Things get more explicit when dealing with object references. Take, for instance, these two classes:
public class Foo {
List<String> elements;
public Foo() {
}
public Foo(String... items) {
elements = new ArrayList<>();
for(String item : items) {
elements.add(item);
}
}
}
public class Bar {
List<String> elements = new ArrayList<>();
public Bar() {
}
public Bar(String... items) {
for(String item : items) {
elements.add(item);
}
}
}
There are intentionally no-arg constructors to hammer home the point - for Foo, if I attempt to use elements, then I'm in a bit of trouble if I don't use the appropriate constructor - elements is null!* I could then just instantiate it whenever I needed it, but I would very much want to avoid destroying a potentially newed and populated list.
That means a lot of code looking something like this:
if(elements == null) {
elements = new ArrayList<>();
}
...then I have to worry about it being thread safe. Sheesh, talk about a hassle.
With Bar, I'm guaranteed that at instantiation, there is an instance of a list in elements, so I don't have to worry about it being null.**
This is known as eager instantiation.

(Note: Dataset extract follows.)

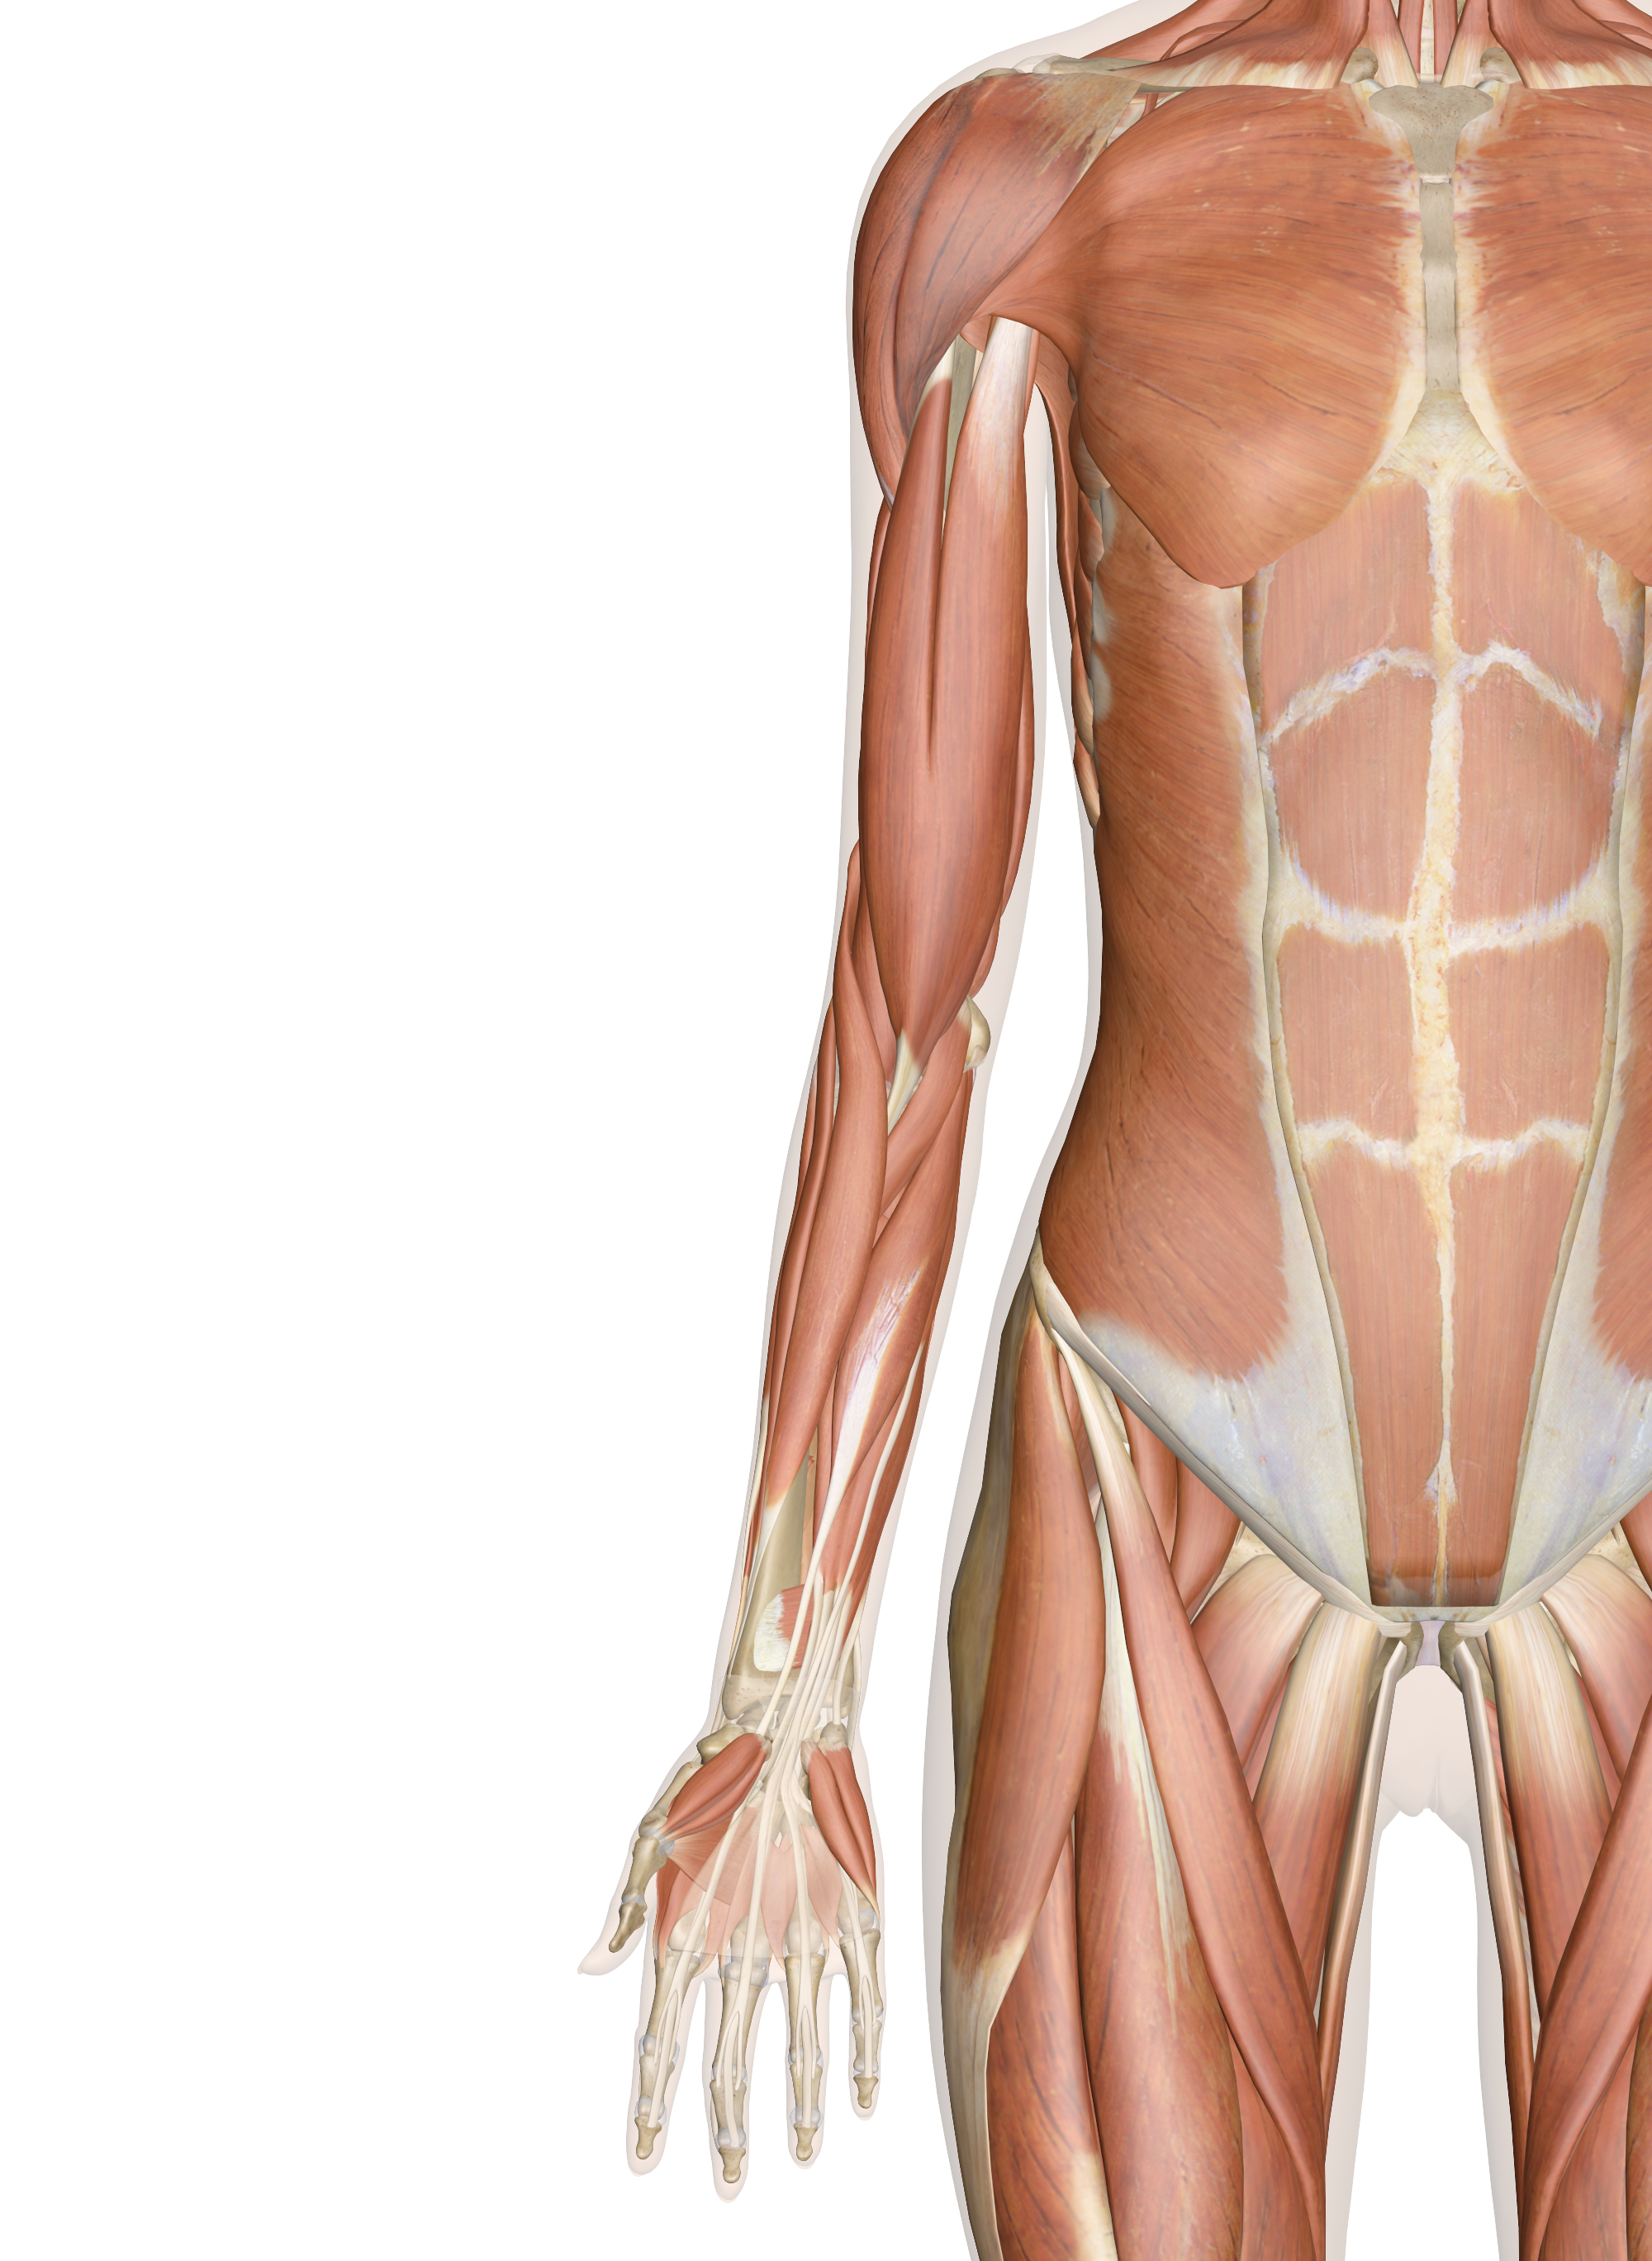 Arm Muscle Diagram Arm Muscle Anatomy Diagram Wiring Diagram Post

You really don't want to live without that object, so why wait until you think you need it (or lazily instantiate)?
*: The default value for all reference types is null.

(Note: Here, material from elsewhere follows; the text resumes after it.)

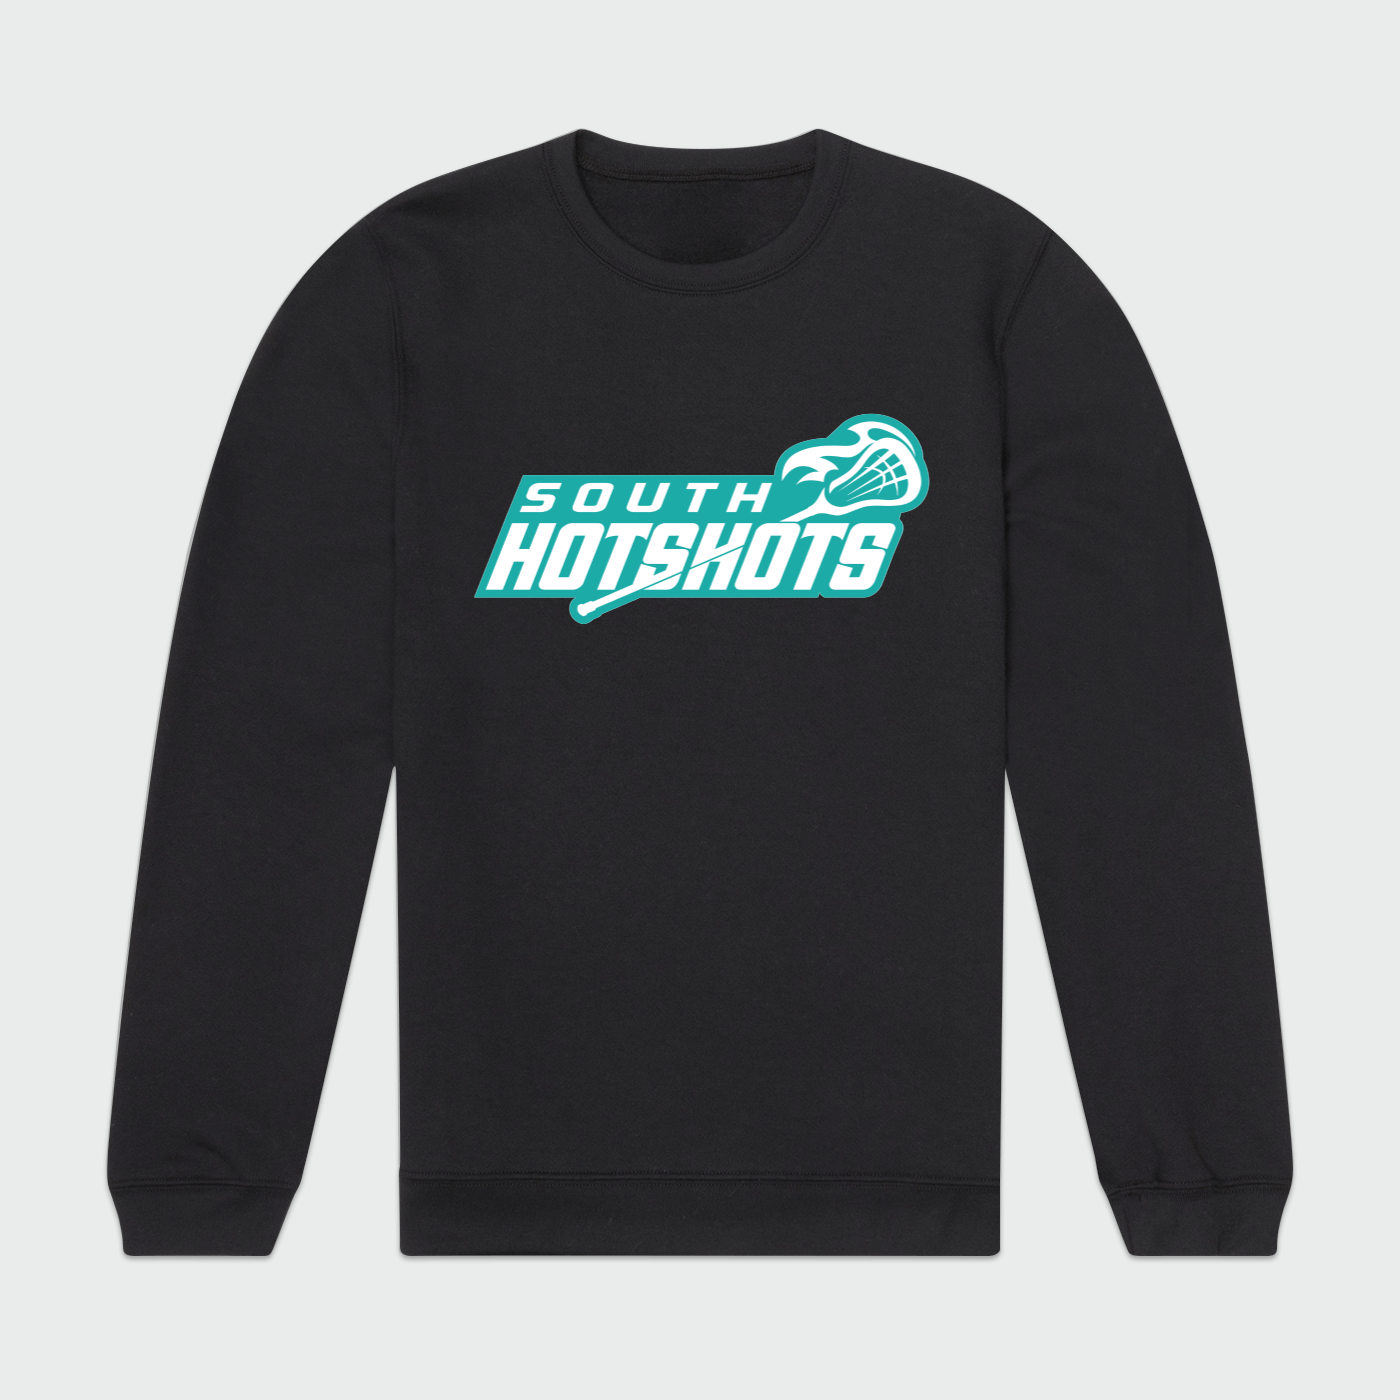 South Hotshots Lacrosse Adult Sport Sweatshirt Signature Lacrosse

**: You do have to worry about that being overwritten, but that's a concern outside of the scope of this question.
public class Test {
int value = 100;
public Test() {
}
}
This works well when the initialization value is available and you may declare and initialize field on one line. However, this form of initialization has limitations because of its simplicity. If initialization requires some logic (for example, error handling or a validation or condition), simple assignment is inadequate. When you are using constructor initialization, you may do error handling or other logic. To provide the same capability for class variables, the Java programming language includes static initialization blocks. There are also another two ways to initialize instance variables:
initializer blocks
{
// initialization
}
final methods
class Foo{
int age=initAge();
protected int initAge(){
//initialization code
}
}
If you're not doing any calculation or not taking any parameters, there's no difference in any of those above two, whether you initialize or not initialize those variable inside constructor.
If you declare them as the first one like you declare as:
public class Test {
int value = 100;
public Test() {
}
}
It would be more of a readable format as you're assigning them value directly, no need to view from constructor.
It would be better also for If you have more than one constructor, you don't have to repeat the initializations (and you cannot forget them).
Whenever a class is created the constructor is initialized first. So, when you declare or define a variable inside the constructor the memory is allocated to that variable at first and then the process will be continued.
Currently in your example, there is just one field and you are deciding which way of initializing is better than the other.
But, if you increase the complexity by initializing a lot of fields (say 30 or 40), then it does make a lot of difference.
In this situation, consider what Joshua Bloch has to say on initializing through constructors.
Below is the summary,
The telescoping constructor pattern works, but it is hard to write
client code when there are many parameters, and harder still to read
it.
The solution is a form of Builder pattern where instead of making
the desired object directly, the client calls a constructor (or
static factory) with all of the required parameters and gets a
builder object.
I'm not talking about bytecode, but they can differ semantically (if you have multiple constructors),
The field will be always initialized to 100 if you define it as below, no matter which constructor is called:
int field = 100;
but otherwise you shall initialize the field in each constructor.
Your class may have just a single constructor, but just think, will there be any other constructor in future releases of your class?